Each line in the material below must be transcribed exactly; no picture belongs in the copy.

──────── DATA BLOCK

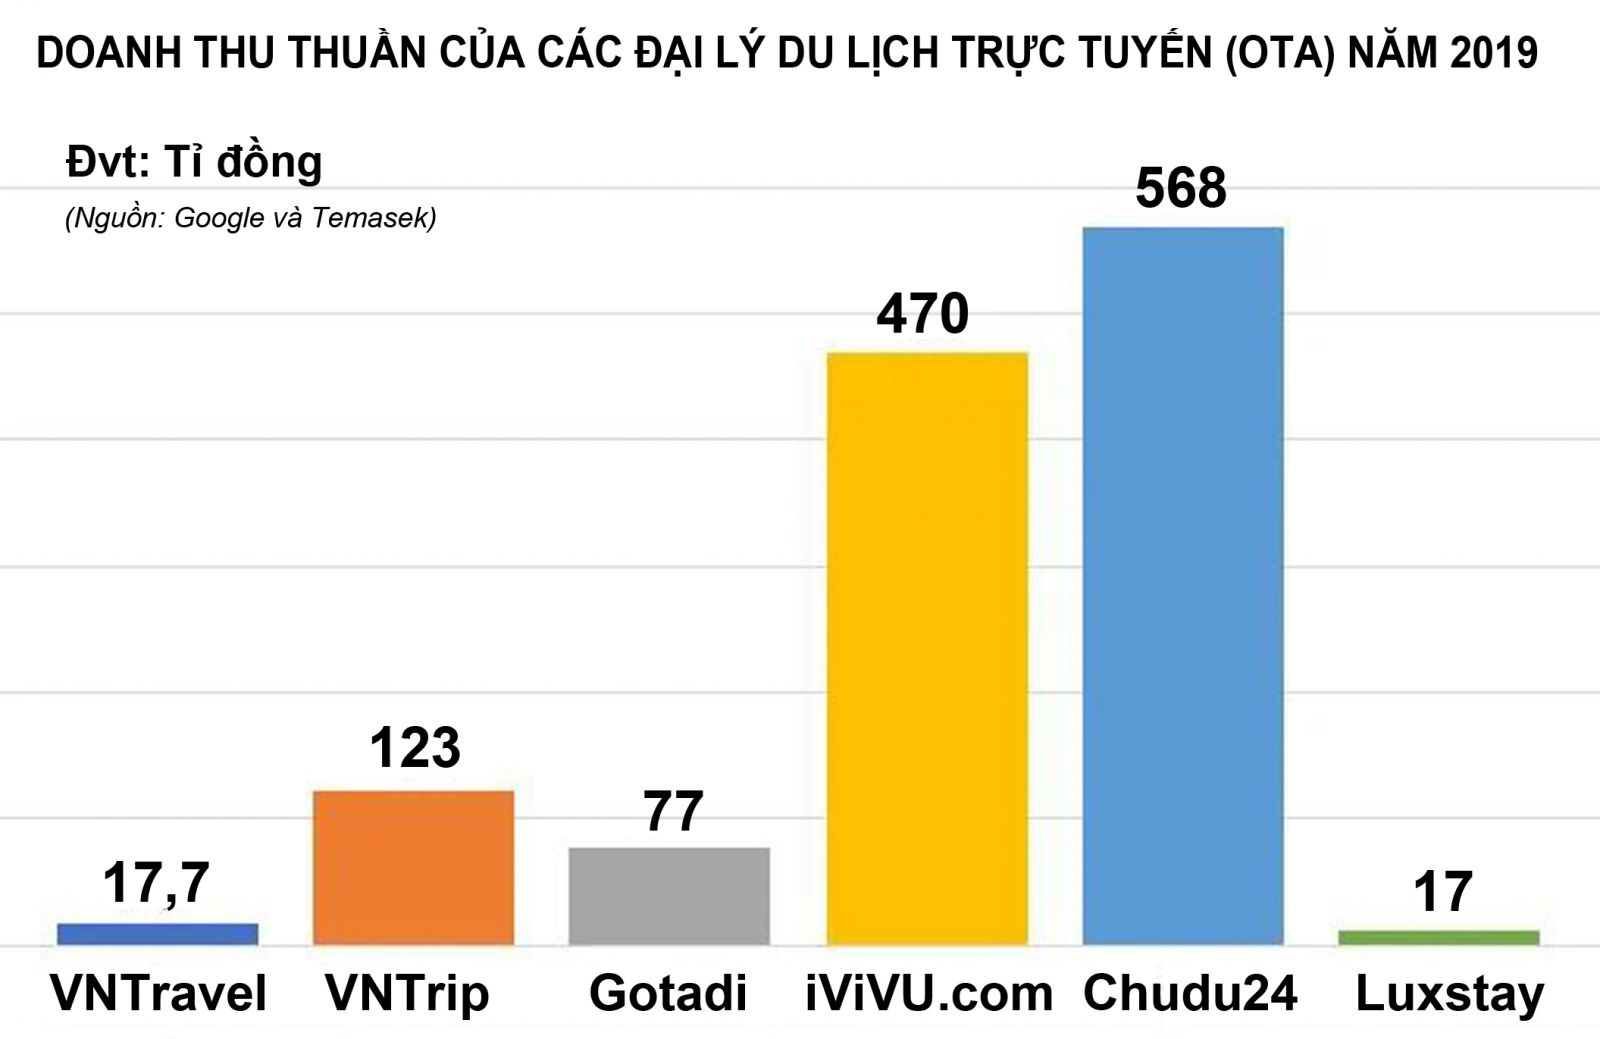 Theo báo cáo của Google và Temasek quy mô du lịch trực tuyến Việt Nam sẽ đạt tới 9 tỷ USD vào năm 2025.
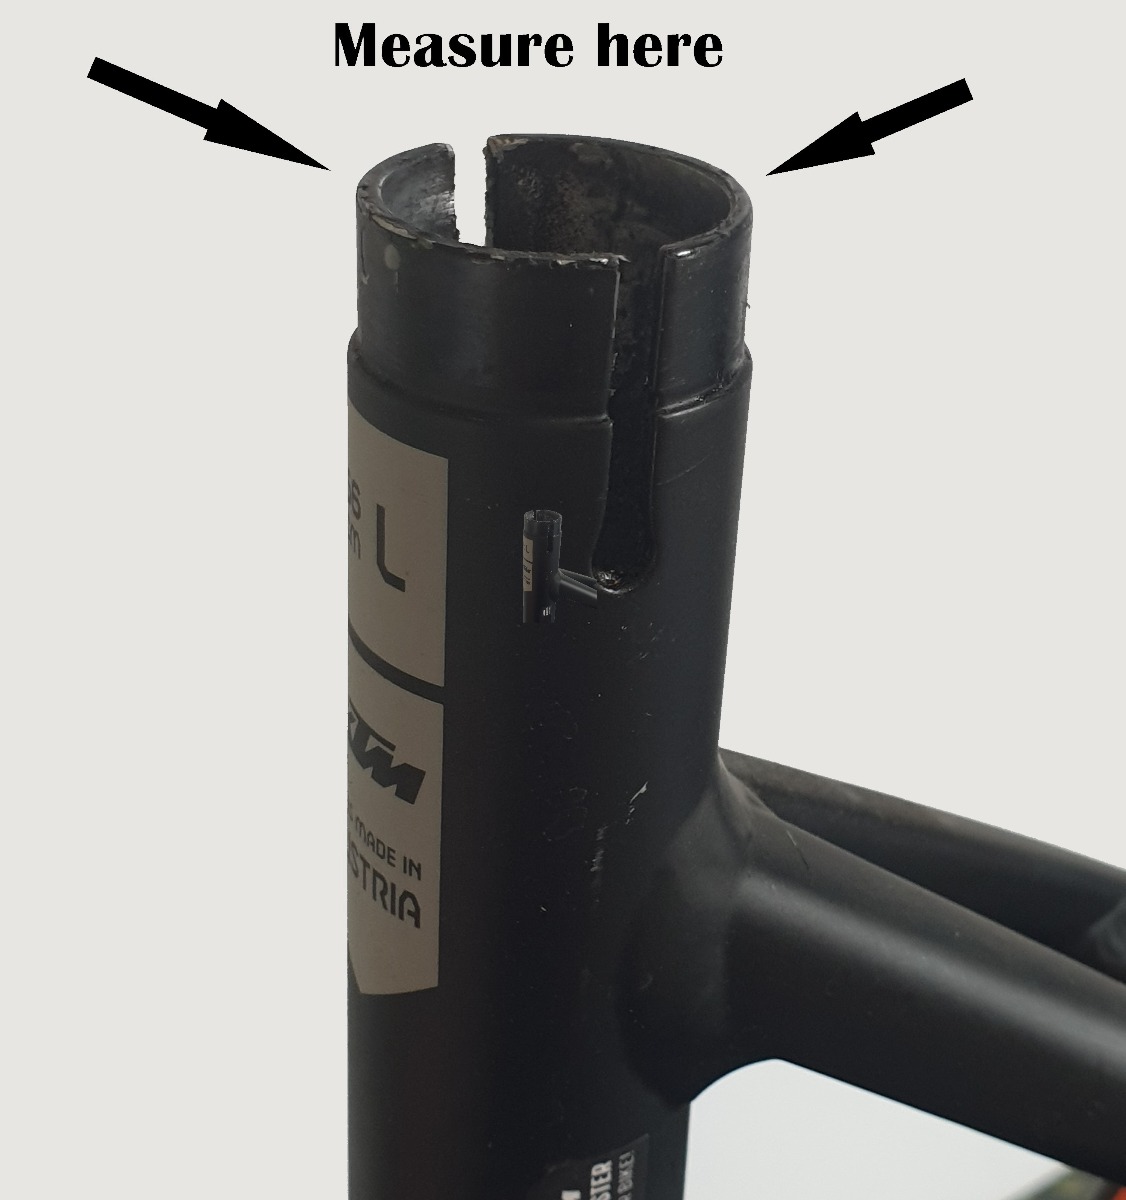 Measure saddle clamp
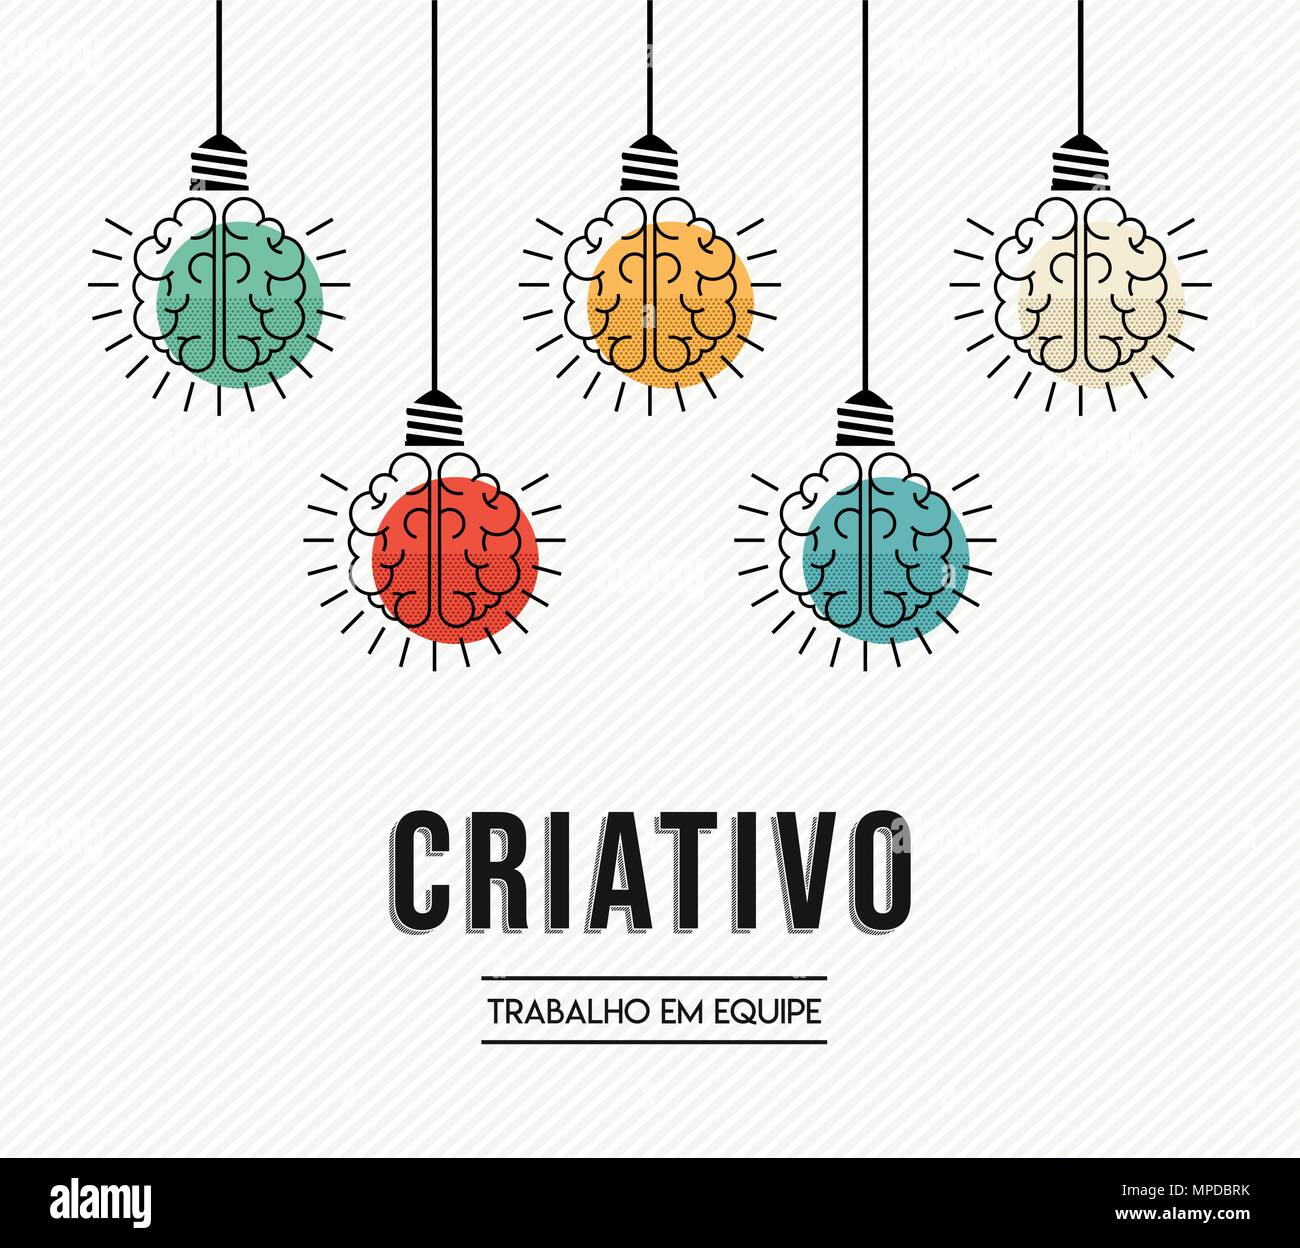 Kreative Teamarbeit modernes Design in portugiesischer Sprache mit menschlichen Gehirnen als bunte Lampe Licht, business Kreativität Konzept. EPS 10 Vektor. Stock Vektor

────────────────

▶ [ANSWER SECTION]:
 Theo báo cáo của Google và Temasek quy mô du lịch trực tuyến Việt Nam sẽ đạt tới 9 tỷ USD vào năm 2025.
 Measure saddle clamp
 Kreative Teamarbeit modernes Design in portugiesischer Sprache mit menschlichen Gehirnen als bunte Lampe Licht, business Kreativität Konzept. EPS 10 Vektor. Stock Vektor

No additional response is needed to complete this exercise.